Entries shown:
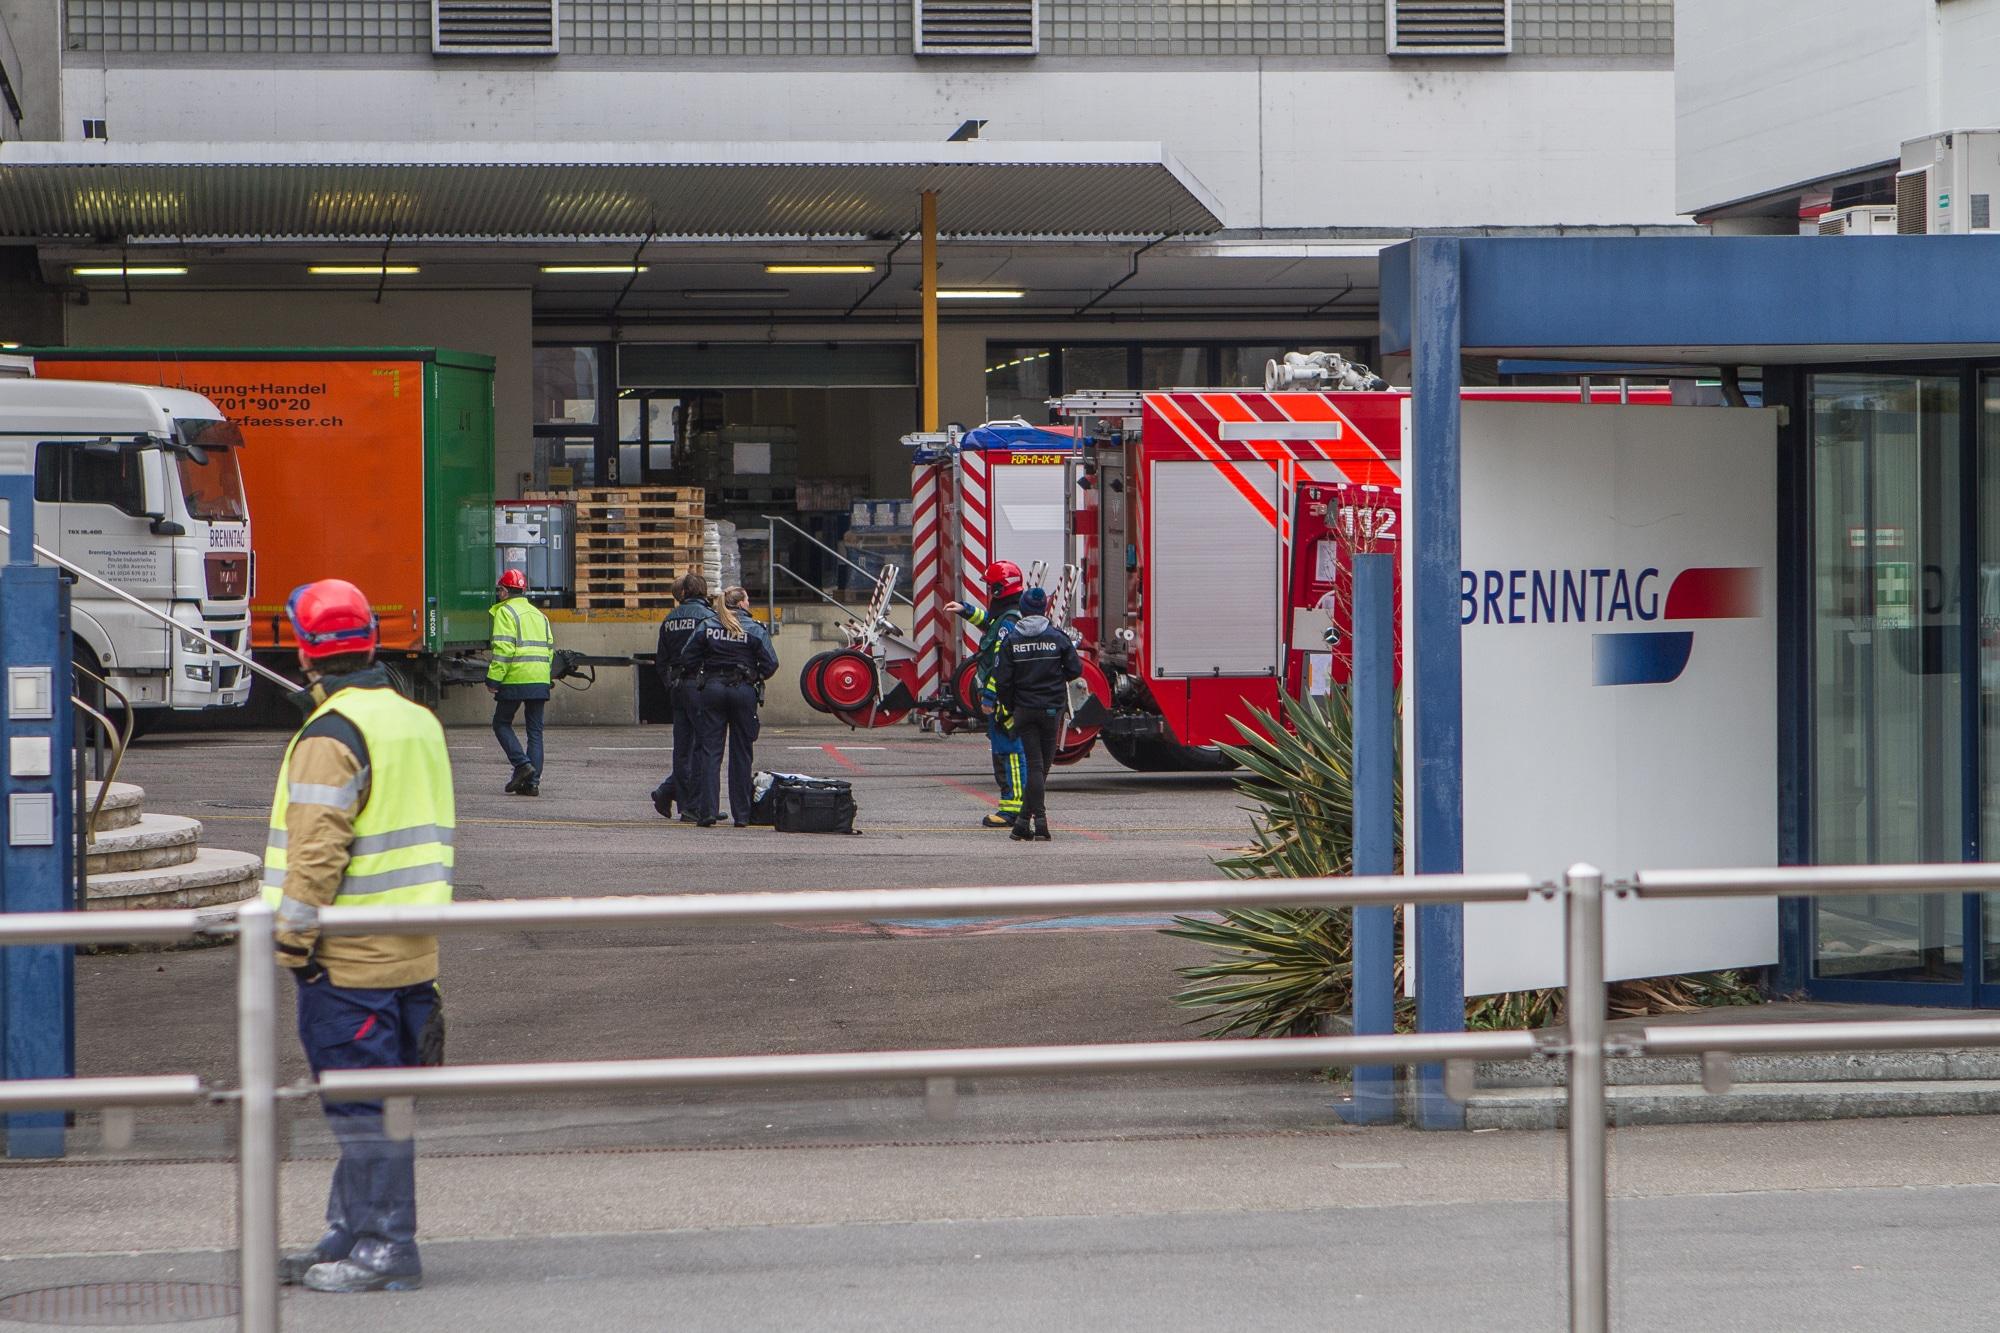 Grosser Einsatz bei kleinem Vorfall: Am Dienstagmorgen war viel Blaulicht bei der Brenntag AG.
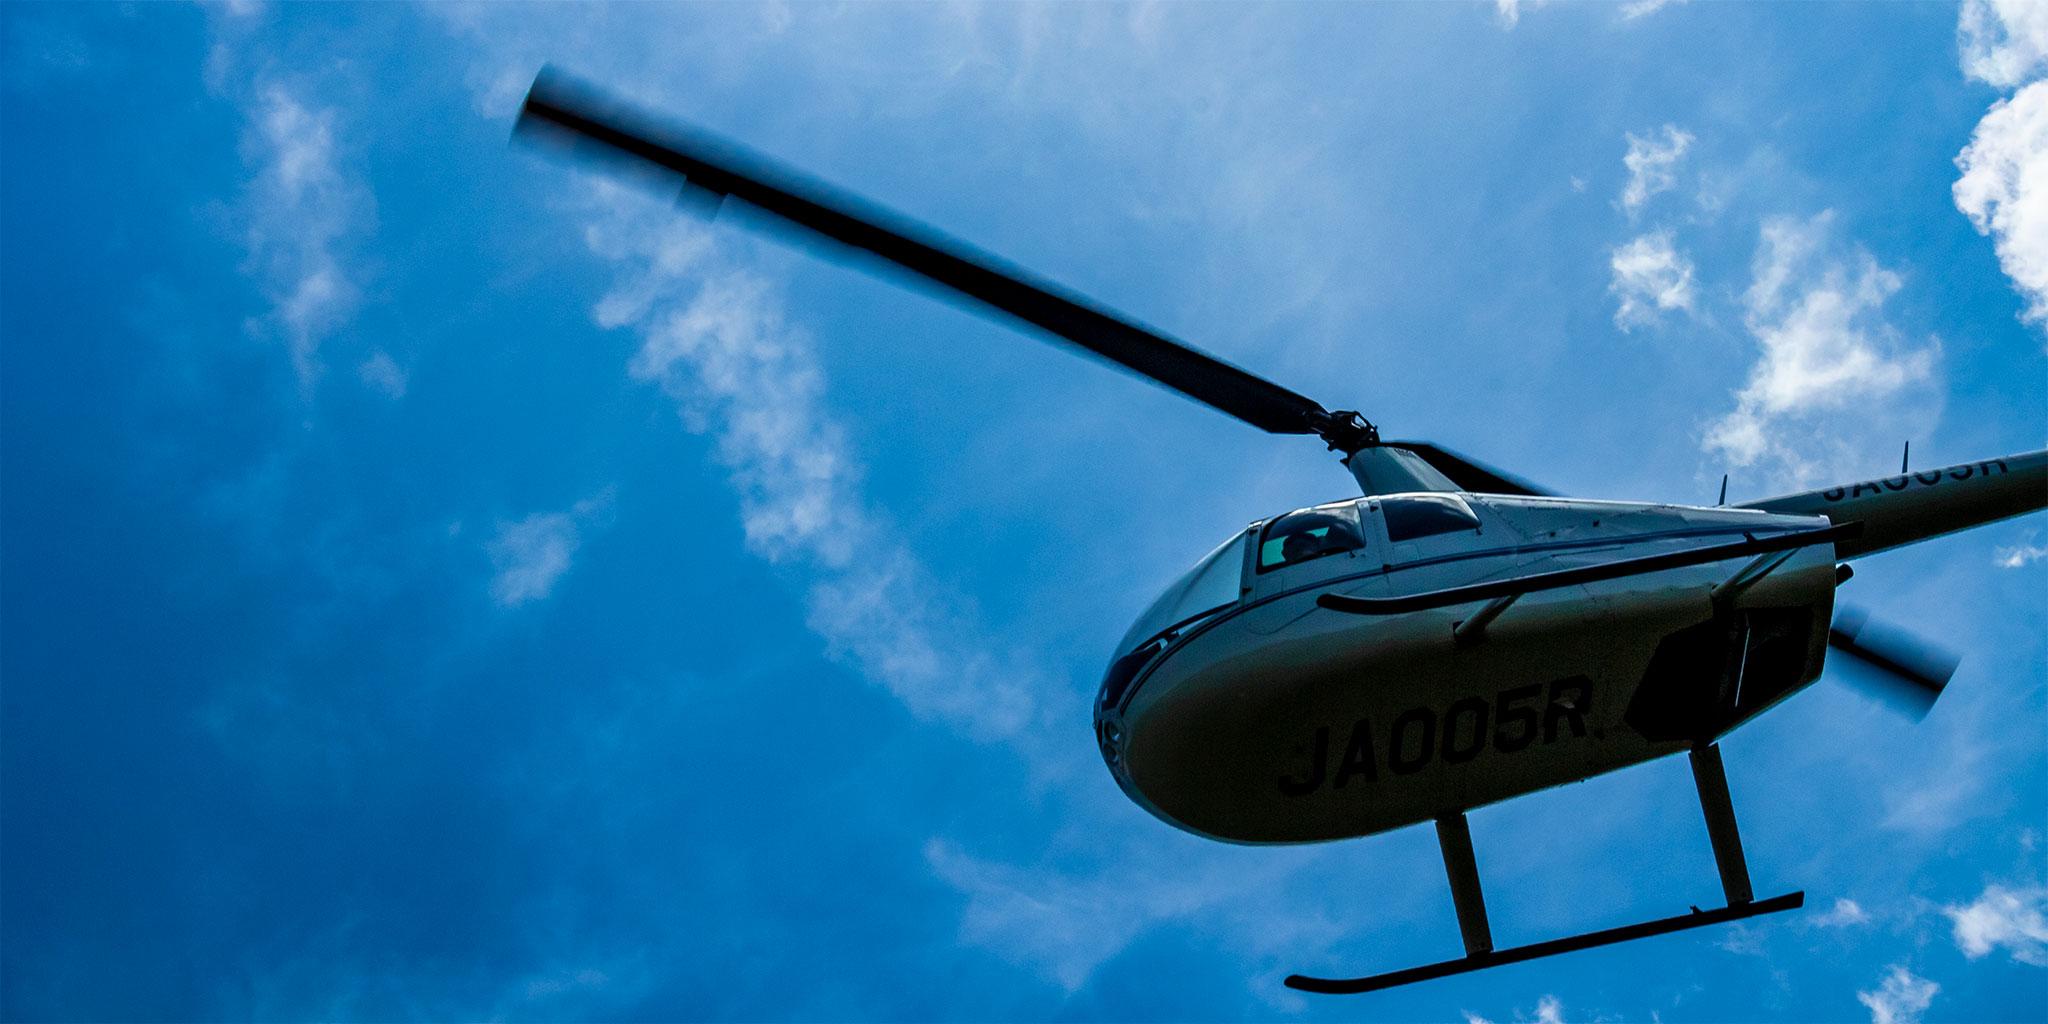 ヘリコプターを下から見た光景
--
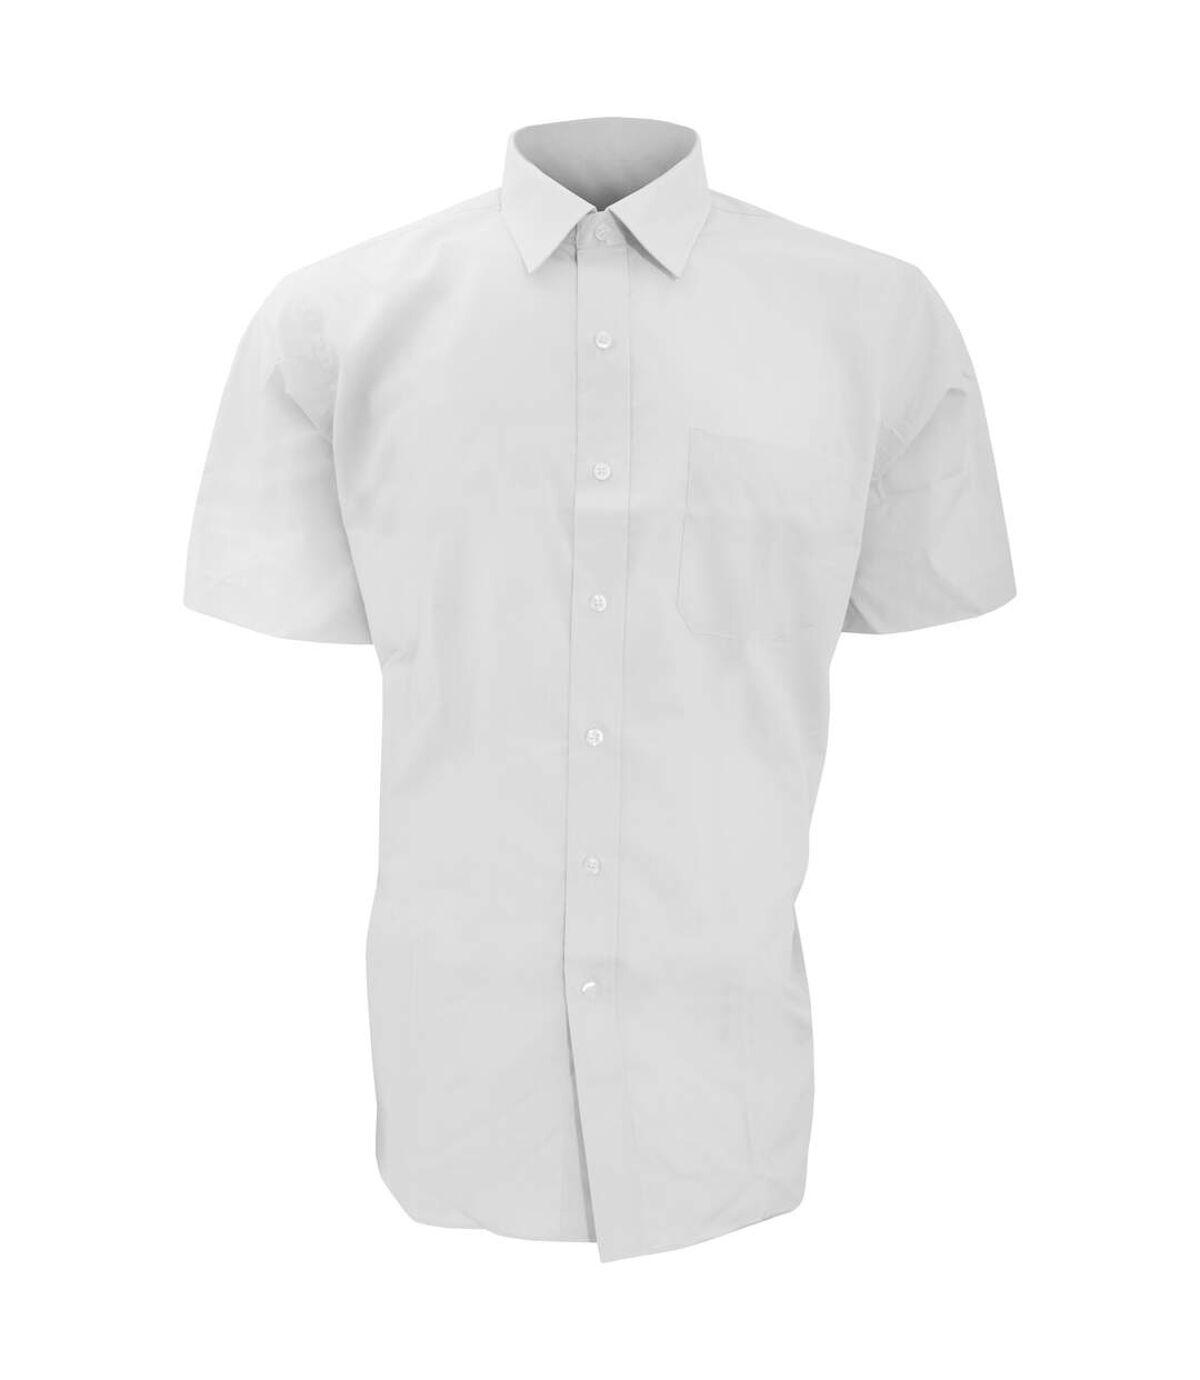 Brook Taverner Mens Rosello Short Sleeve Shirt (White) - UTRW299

Action item: Print exactly the lines above that run from the one with "Grosser Einsatz bei" to the one with "ヘリコプターを下から見た光景", both included. No pictures.

Response area:
 Grosser Einsatz bei kleinem Vorfall: Am Dienstagmorgen war viel Blaulicht bei der Brenntag AG.
 ヘリコプターを下から見た光景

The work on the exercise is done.